A: Consumers today have a number of places they are comfortable with their finances being managed, typically the banks, credit card companies, or cash under the bed. In the medium to long term it is unlikely that this will change. Consumers also need to purchase items from a number of places, namely web sites, mobile apps, app stores, shops etc. The trick for the industry is to enable consumers to use the methods of finance with which they are comfortable, but use an interface which is useful in all the places they need funds. This will enable consumers to manage their various sources of finance, and use their money in any of the various sales outlets they use. In the long term the industry will consolidate around companies who can achieve this, however safe guarding the money under the bed may take a little longer.
Retailers are going to see people wanting to use more than just a method of payment or bank account, and this includes mobile phone billing and utility billing. What they don’t want is a difference experience for each, or an entirely different service which they have to sign up to.
There has been a headlong rush recently to make spending money as easy as possible with one-click payment online becoming the commonly heard mantra.
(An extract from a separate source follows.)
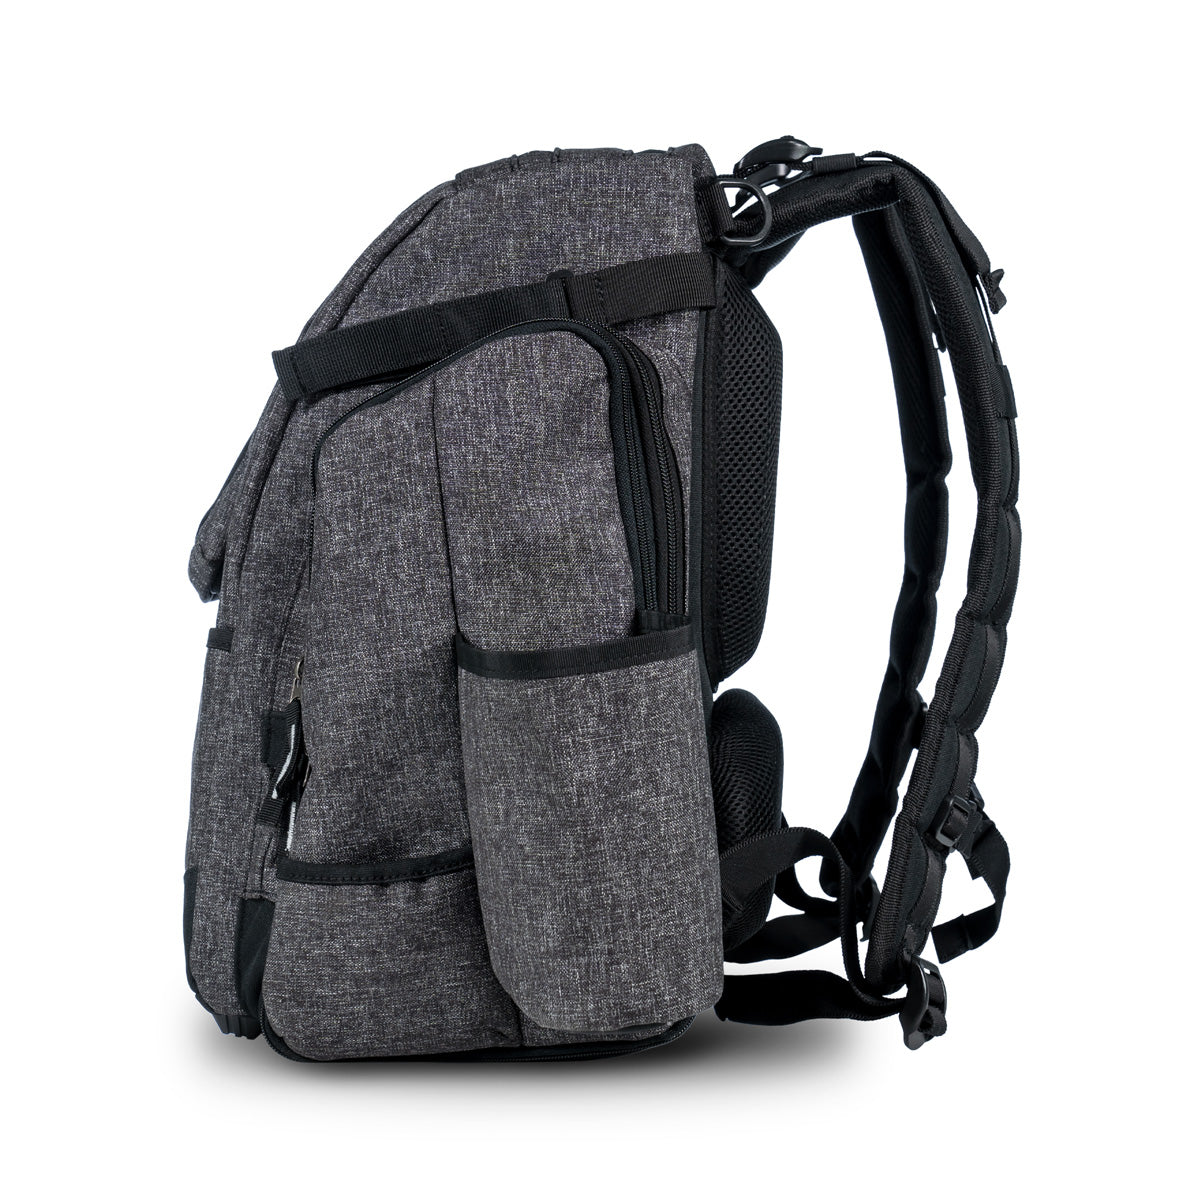 Innova Super HeroPack II Backpack Disc Golf Bag - Black Heather - Innova

However, there is often a trade off which results in less security, or utility. For example, contactless cards sound great, but they are no longer PIN protected, and have a £15 limit. It’s only a matter of time before online payment methods start to move into the offline world; in Korea they have been using the Bar Tong app for the last three years, to enable people to make payments in stores via a barcode which is then charged direct to their mobile phone bill. Over 30,000 people are using this service today.
Q: Finally, how does Danal separate itself from others in such a competitive industry?
A: After twelve years of direct to mobile experience we believe we have a proven technology solution to mobile payments. Rather than PSMS, we use direct to bill technology, which allows our platform to process transactions at the same level of security as the banks. We plug into existing, secure systems, without holding any of the payment details to ensure that we are the low risk technology of choice for any financial institution, carrier or merchant
Danal now has partnerships with some of the world’s largest mobile operators. They can trust us to operate through their services and we hope that resonates through to consumers who are weary of paying by mobile.